• JoBo@feddit.uk
    link
    fedilink
    English
    arrow-up
    11
    ·
    edit-2
    1 year ago

    I’m going to have to object. We don’t use “false positive” and “false negative” as synonyms for Type I and Type II error because they’re not the same thing. The difference is at the heart of the misuse of p-values by so many researchers, and the root of the so-called replication crisis.

    Type I error is the risk of falsely concluding that the quantities being compared are meaningfully different when they are not, in fact, meaningfully different. Type II error is the risk of falsely concluding that they are essentially equivalent when they are not, in fact, essentially equivalent. Both are conditional probabilities; you can only get a Type I error when the things are, in truth, essentially equivalent and you can only get a Type II error when they are, in truth, meaningfully different. We define Type I and Type II errors as part of the design of a trial. We cannot calculate the risk of a false positive or a false negative without knowing the probability that the two things are meaningfully different.

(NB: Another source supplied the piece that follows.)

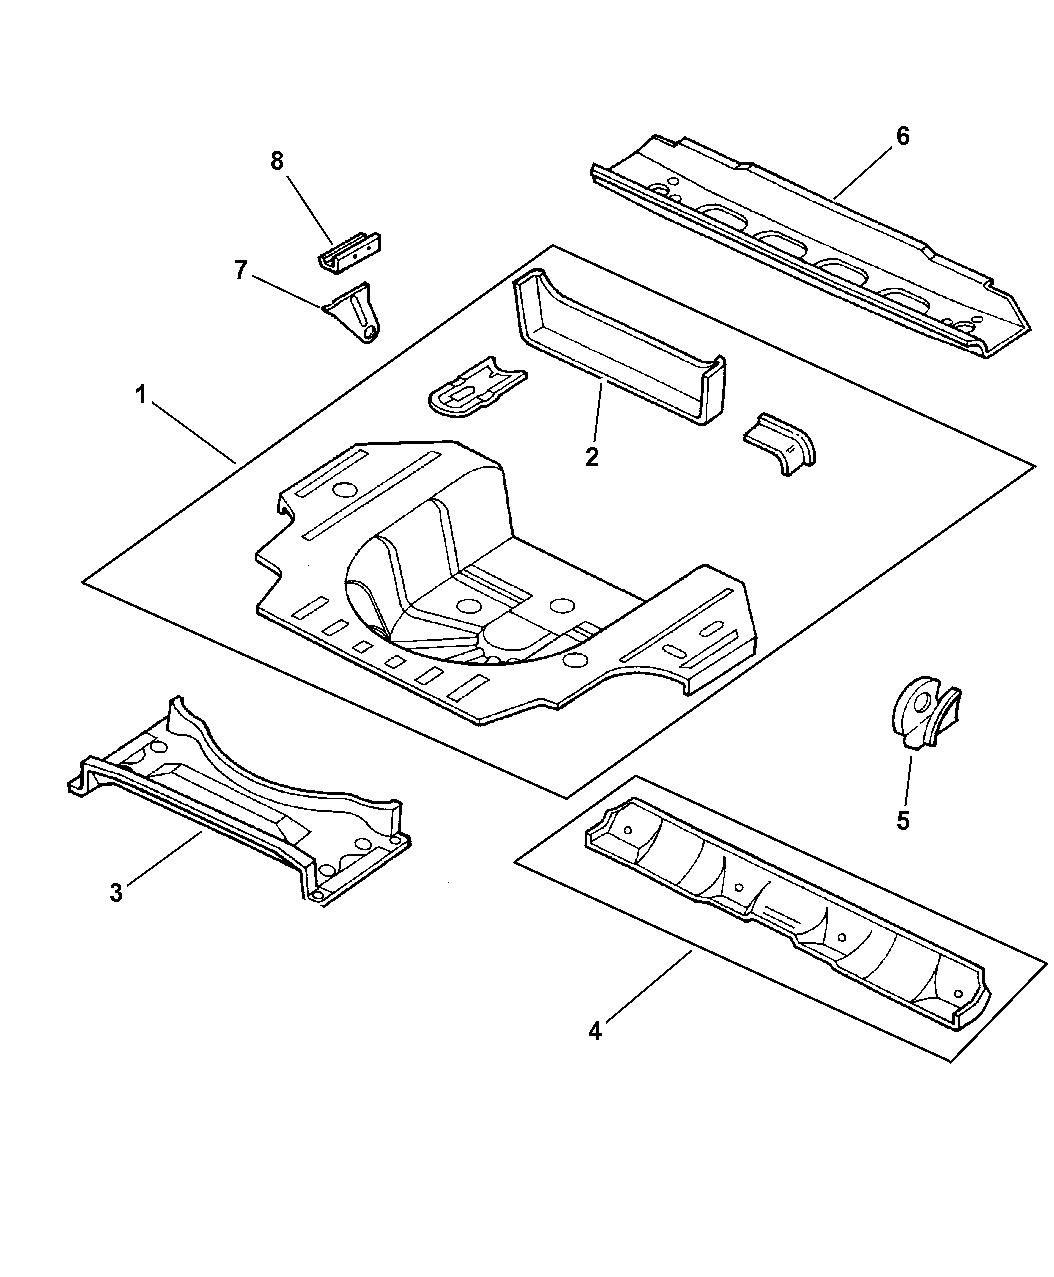 1999 Dodge Intrepid Rear Floor Pan

    This may be a little easier to follow with an example:

    Let’s say we have designed an RCT to compare two treatments with Type I error of 0.05 (95% confidence) and Type II error of 0.1 (90% power). Let’s also say that this is the first large phase 3 trial of a promising drug and we know from experience with thousands of similar trials in this context that the new drug will turn out to be meaningfully different from control around 10% of the time.

    So, in 1000 trials of this sort, 100 trials will be comparing drugs which are meaningfully different and we will get a false negative for 10 of them (because we only have 90% power). 900 trials will be comparing drugs which are essentially equivalent and we will get a false positive for 45 of them (because we only have 95% confidence).

    The false positive rate is 45/135 (33.3%), nowhere near the 5% Type I error we designed the trial with.

    Statisticians are awful at naming things. But there is a reason we don’t give these error rates the nice, intuitive names you’d expect. Unfortunately we’re also awful at explaining things properly, so the misunderstanding has persisted anyway.

    This is a useful page which runs through much the same ideas as the paper linked above but in simpler terms: The p value and the base rate fallacy

    And this paper tries to rescue p-values from oblivion by calling for 0.005 to replace the usual 0.05 threshold for alpha: Redefine statistical significance.